When I flew to Seattle last week, airport security gave me trouble over the four pound ham I was carrying. Several TSA officials gathered to consider the question of whether ham is a "gel," to which I retorted: If ham is a gel, so am I. I suggested that they biopsy it for hidden box-cutters. I offered to divide it into 21 three-ounce chunks, each appropriately stowed in a Ziploc baggie. But no deal.
So I broke down and told them I was flying into what I had been warned would be a food-free zone: Washington, with the highest minimum wage in the country ($7.63 an hour), could hardly be expected to have affordable restaurants or a functioning economy of any kind. Notable conservative economists have almost unanimously predicted that an increased minimum wage would result in wild price increases and mass unemployment, and I had a suitcase full of clippings to prove it.
I would be entering a culinary wasteland, facing fast food meals of $20 and up, and if I tried to fall back on soup kitchens, thousands of unemployed restaurant workers would be lined up ahead of me.
So imagine my surprise when I arrived, ham-less, in Seattle to find it fully functional, if not positively bustling. Restaurants were packed, and I could still get a grilled salmon sandwich for $7.95 at a cafeteria-style place overlooking the sound. My hotel was amply staffed with congenial people and - perhaps only because of the un-Seattle-like cold, no beggars approached me on the streets. Nor can you say the dire effects of a higher minimum wage just haven't had time to set in: Washington raised its minimum wage above the federal level of $5.15 an hour about a decade ago.
In fact, according to a January 9th article New York Times, Washington's economy is booming, generating 90,000 new jobs in the last year. Even business groups have stopped griping about the state's minimum wage. The article quotes a pizza store owner in the western part of the state: ''We're paying the highest wage we've ever had to pay, and our business is still up more than 11 percent over last year.''
My next stops were in California, with a minimum wage of $7.50 an hour, slated to go up to $8 next year. Again, no imported ham was required. Sidewalk taquerias flourished, as well, or so I'm told, as those celebrity sushi spots where you can pay $100 for a bite of fresh chum.
Overall, 29 states have raised their minimum wages above $5.15 an hour, and - lo!--the sky has not fallen. Could we have some apologies, please, from the economists who predicted a retail apocalypse?

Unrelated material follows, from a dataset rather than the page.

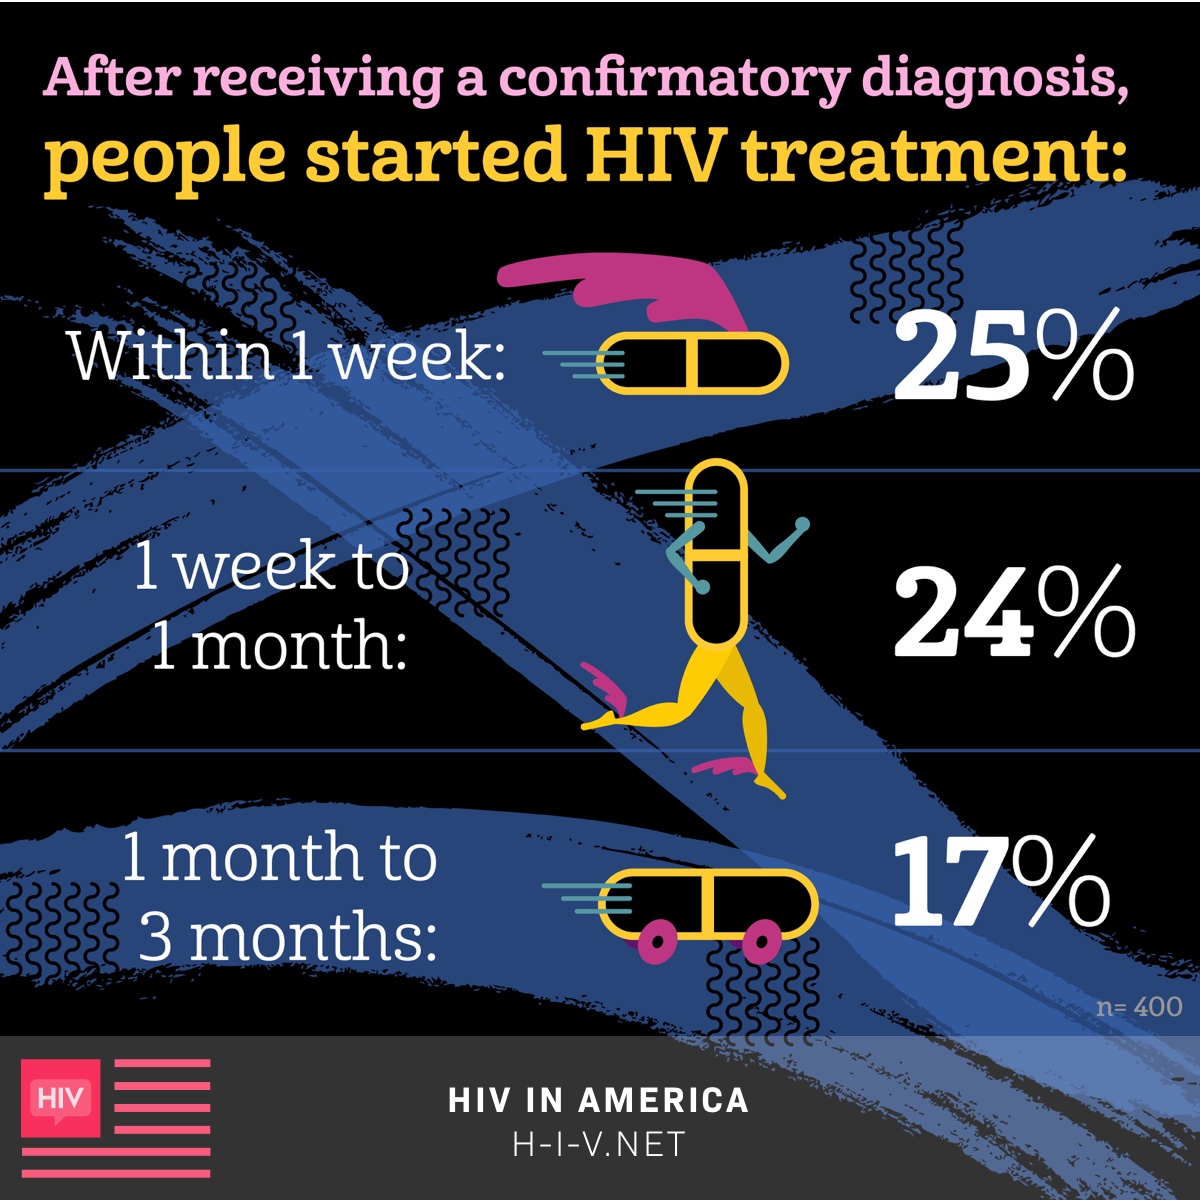 An infographic shows that after diagnosis, 25% of people start HIV treatment within 1 week,  24% start after 1 week to a month, and 17% start 1 to 3 months.

Not that a $7 or even $8 minimum wage is utopian. My book Nickel and Dimed is often wrongly described as an account of my attempts to live on the minimum wage. Far from it; I averaged $7 an hour, which, according to the federal government, is well above the poverty level for a family of one. But I couldn't get by on that, thanks to the high rents even in trailer parks and residential motels, and I never went near pricey housing markets like San Francisco or Seattle. In the Seattle area, a "living wage" (calculated to reflect local housing and other basic costs) is $11.89 an hour for a single person and $25.35 for a family of three - more than three times the current minimum wage.
There is no moral justification for a minimum wage lower than a living wage. And given the experience of the 29 states that have raised their minimum wages, there isn't even an amoral economic justification either.